It concerns me that these defensive techniques themselves often require even more llm inference calls.
Just skimmed the GitHub repo for this one and the read me mentions four additional llm inferences for each incoming request - so now we’ve 5x’ed the (already expensive) compute required to answer a query?
I find it very interesting that “aligning with human desires” somehow includes prevention of a human trying to bypass the safeguards to generate “objectionable” content (whatever that is). I think the “safeguards” are a bigger problem with aligning with my desires.

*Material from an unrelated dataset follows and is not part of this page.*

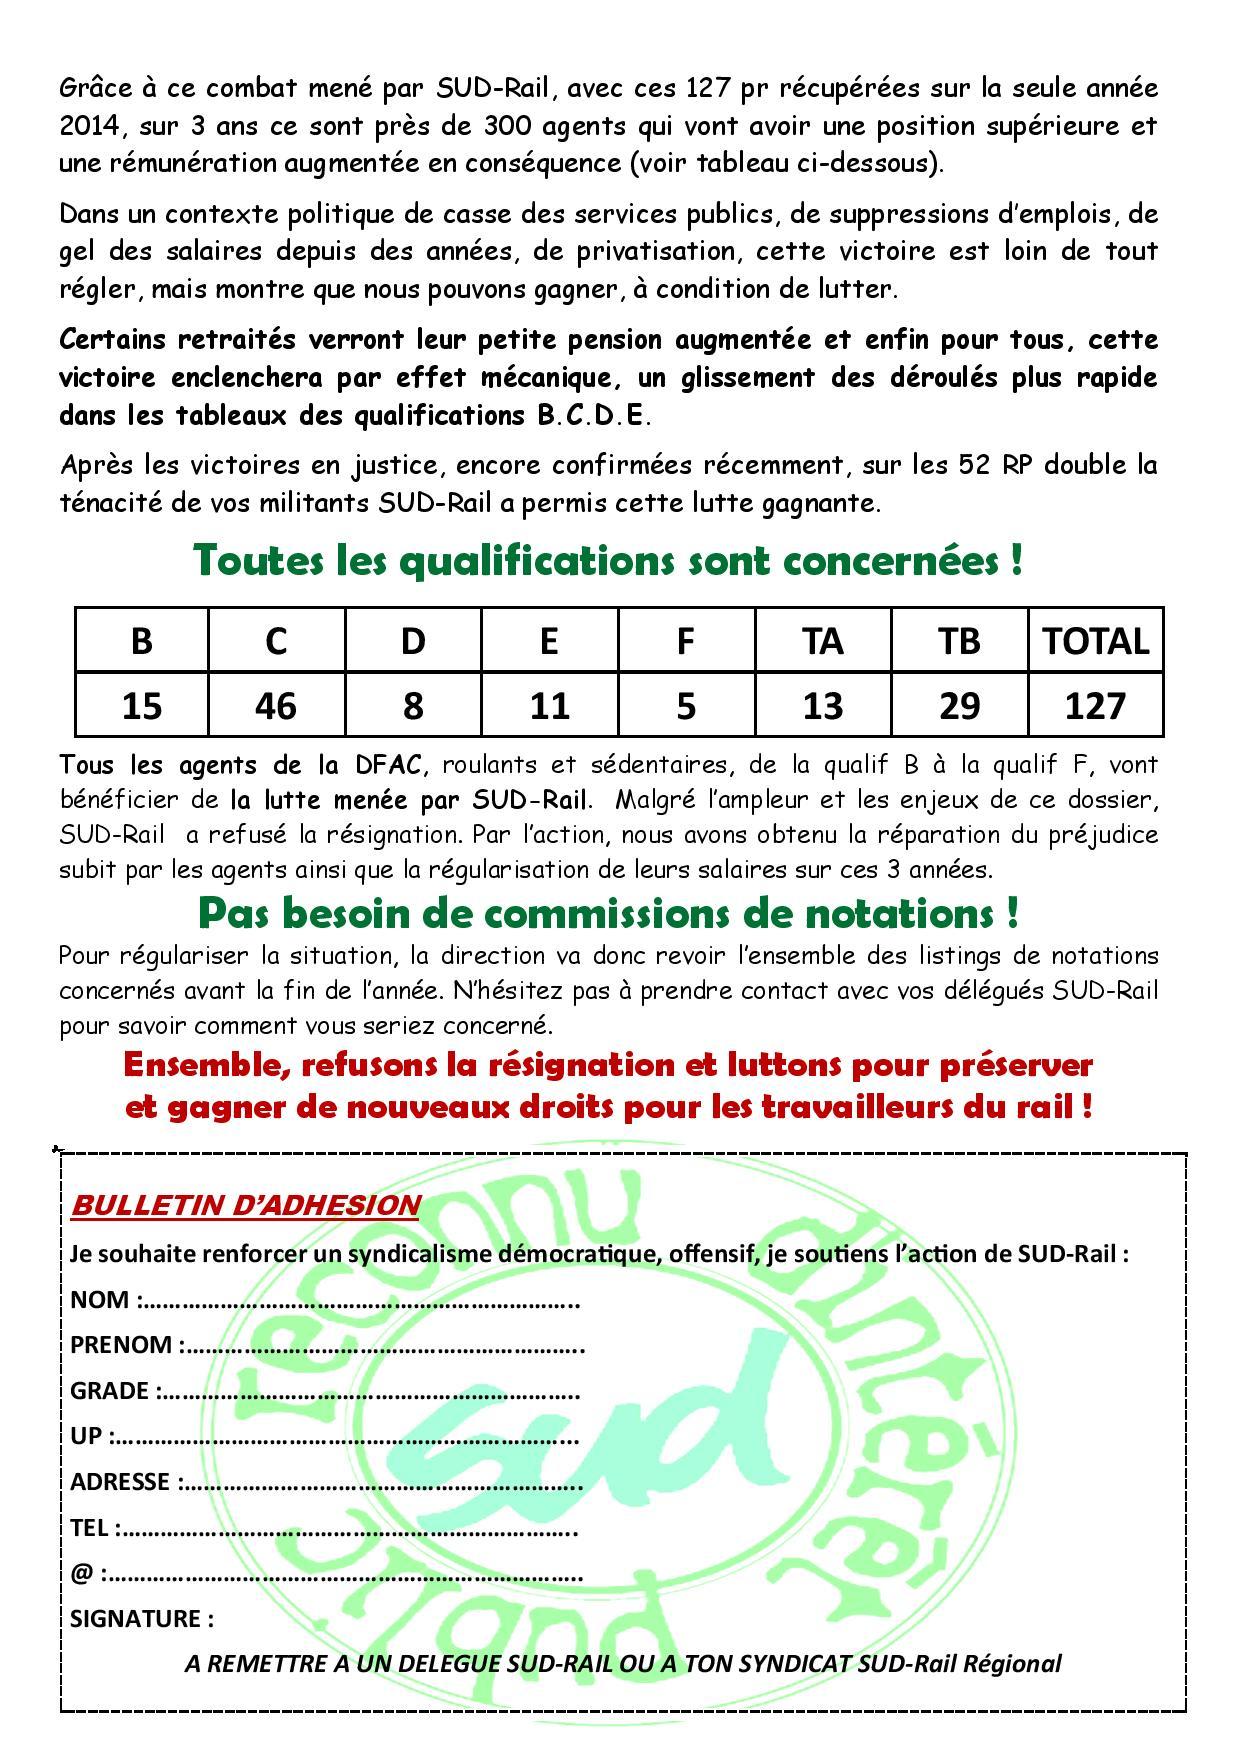 11-2016-sud-rail-dfac-rh0910-page-002

There are some authors in common with a more recent paper "Defending Large Language Models against Jailbreak Attacks via Semantic Smoothing" https://arxiv.org/abs/2402.16192
So basically this just adds random characters to input prompts to break jailbreaking attempts? IMHO If you can't make a single-inference solution, you may as well just run a couple of output filters, no? That appeared to have reasonable results, and if you make such filtering more domain-specific, you'll probably make it even better. Intuition says there's no "general solution" to jailbreaking, so maybe it's a lost cause and we need to build up layers of obscurity, of which smooth-llm is just one part.
Just skimmed the GitHub repo for this one and the read me mentions four additional llm inferences for each incoming request - so now we’ve 5x’ed the (already expensive) compute required to answer a query?